The strong photo-oxidizing properties of CrIII polypyridines compared to classical RuII complexes such as [Ru(bpy)3]2+ are attributable mostly to the higher metal oxidation state (+III vs +II), which in turn makes the ligand-centered reduction easier. This effect is somewhat counteracted by the lower 2E/2T1 energy (roughly 1.7 eV) compared to the 3MLCT energy (usually around 2.1 eV) of RuII polypyridines. CrIII polypyridines typically need to be excited in the blue spectral range (due to lack of sizeable extinction at longer wavelengths), and then intersystem crossing from the initially excited 4T (or charge-transfer) states to the 2E/2T1 states is associated with substantially greater energy loss than in common RuII complexes (Figure ).[101−103] In this sense, the “photon economy” is worse for CrIII polypyridines, and even though this may seem less important than “atom economy” in chemical reactions,[104−106] the dissipation of excess excitation energy is often associated with detrimental photophysical and photochemical processes.[14,107] Interestingly, [Cr(dqp)2]3+ exhibits a remarkable photostability in coordinating acetonitrile upon continuous high-power photo-irradiation at 405 nm (Figure b), far better than [Ru(bpy)3]2+ under comparable conditions.[60] This is likely related to the relatively undistorted nature of the 2E/2T1 spin-flip excited states, in which structural changes such as Cr–N bond elongations are comparatively minor,[108] but then it becomes important that reverse intersystem crossing from 2E/2T1 to 4T is minimized.[109] This is the case in the near-perfectly octahedrally coordinated complexes obtained with dqp and other newly developed ligands, highlighting the importance of these recently discovered molecular rubies.[26−41,47,74,110−112] Tridentate ligands such as dqp furthermore offer the possibility for “self-healing” during photo-irradiation, whereby a temporarily de-coordinated pyridine subunit can re-coordinate over time because the two remaining pyridine subunits still hold the overall ligand attached to the metal center.[113]
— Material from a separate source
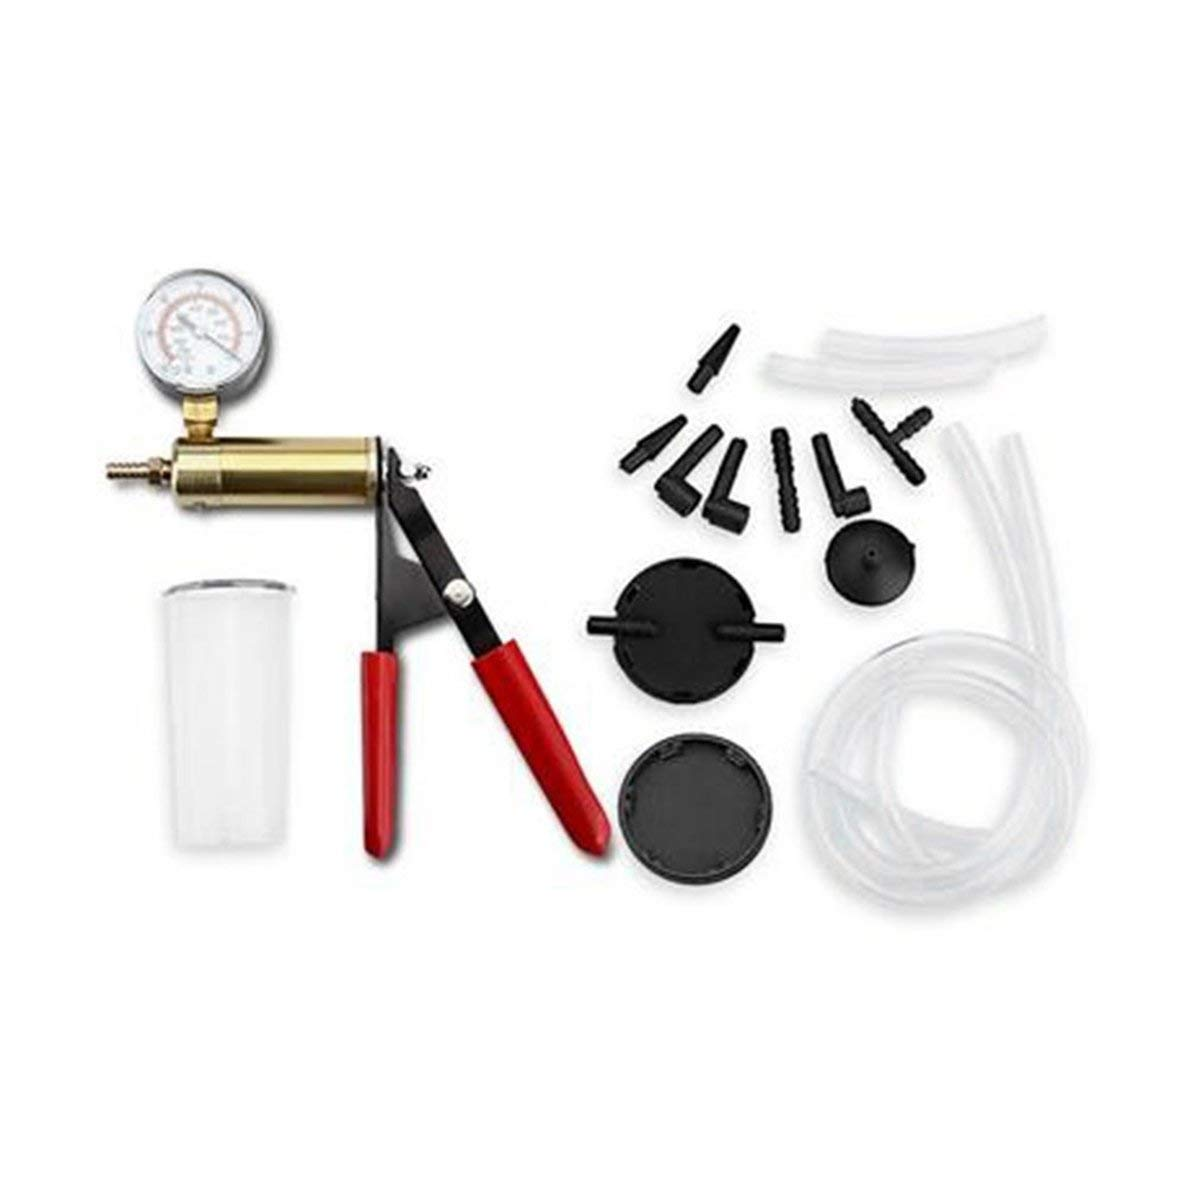 Set di Tester per Pompa a Vuoto Manuale e Kit di spurgo del Freno Adattatore per Vite per Pompa a Vuoto per Auto per Moto con misuratore di Vuoto Rosso WEIWEITOE

Compared to organic photo-oxidants with short-lived electronically excited states such as acridinium dyes,[68−70] CrIII polypyridines seem to benefit from a substantially increased kinetic reactivity. Acridinium dyes typically react from singlet excited states with lifetimes on the order of a few nanoseconds, whereas [Cr(dqp)2]3+ exhibits a 2E/2T1 excited state lifetime on the millisecond timescale in deaerated solution and 31 μs in air-saturated acetonitrile at 20 °C. Remarkably, the above-mentioned photostability is maintained in aerated solution (Figure b), which opens the door to photoredox reactions under aerobic conditions, whereby oxygen typically acts to recover the initial catalyst state following its photo-reduction by a substrate.

New ligand designs for CrIII continue to be published and a recently disclosed complex surpassed the excited-state properties of the prototypical d6-metal-based [Ru(bpy)3]2+ in several respects.[39] However, until now, the photoredox properties of CrIII might have been underappreciated, and we hope that our study contributes to the general understanding of photocatalysis based on first-row transition-metal compounds. Now, as an increasing number of complexes based on different Earth-abundant transition metals with photoactive excited states in solution are discovered,[114−118] it seems possible that some of them will be amenable to unusual photochemical applications that are not necessarily viable with traditional precious-metal-based compounds.